By increasing the rate of surplus value the capitalists are also able to offset the tendency of the rate of profit to fall. And there is no question that under globalisation the rate of surplus value has soared. Productivity has increased qualitatively reducing the cost of the basket of goods which go together to make up the workers wage. In addition as a result of the defeats of the working class in the imperial heartlands in the 1970s/80s wages fell or stagnated. In the former Stalinist states the collapse in living standards was even more severe. Life expectancy fell by 10 years in Russia.
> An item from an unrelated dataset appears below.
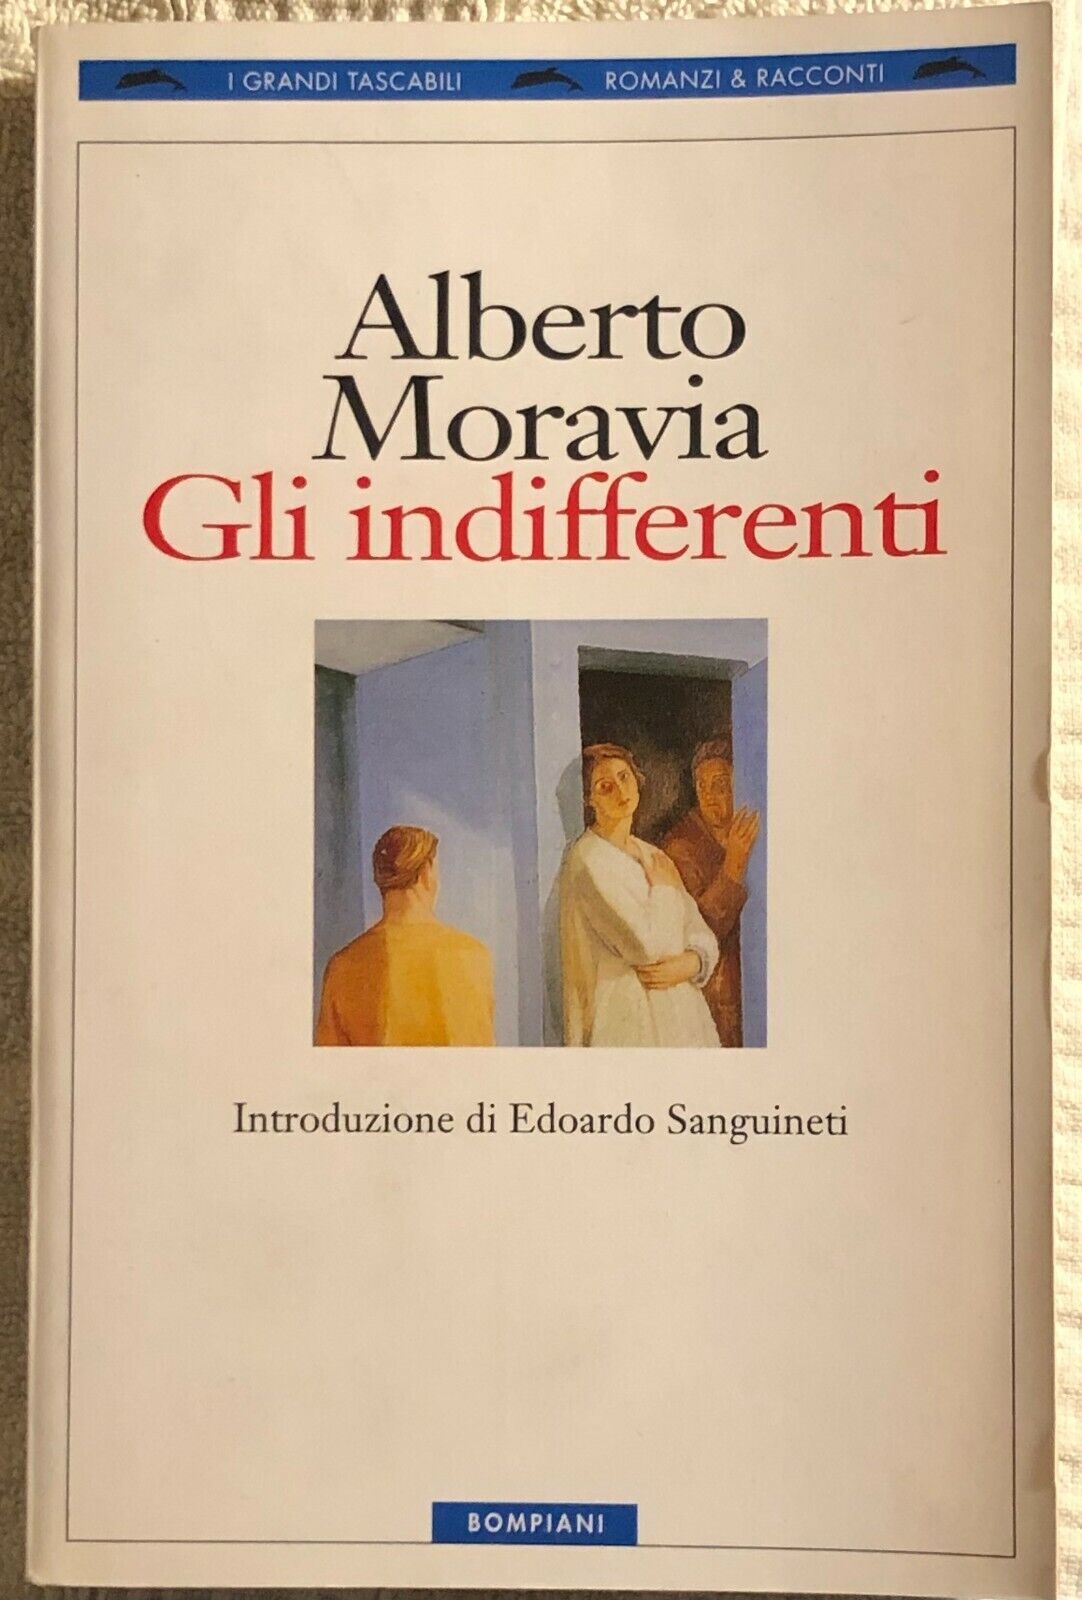 Gli indifferenti di Alberto Moravia, Edoardo Sanguineti,  1998,  Bompiani

Further through privatising state assets, such as in China, this sharply reduced the cost of the wage, in Shanghai for example, after nationalised housing was given away or sold at very low prices, even in 2007 50% of households do not have mortgages.

This surge in surplus value is testified to by the huge increase in income inequality across the world, the rich have got much richer while wages have stagnated or fallen. Rather than this being a problem for capitalism it is proof of the restoration of profit rates across the world. Harman nonetheless emphasises the limits to this countervailing tendency:

“If workers’ laboured for four hours a day to cover the costs of keeping themselves alive, that could be cut by an hour to three hours a day. But it could not be cut by five hours to minus one hour a day. By contrast, there was no limit to the transformation of workers’ past labour into ever greater accumulations of the means of production. ….. Another way to put the argument is to see what happens with a hypothetical ‘maximum rate of exploitation’, when the workers labour for nothing. It can be shown that eventually even this is not enough to stop a fall in the ratio of profit to investment.”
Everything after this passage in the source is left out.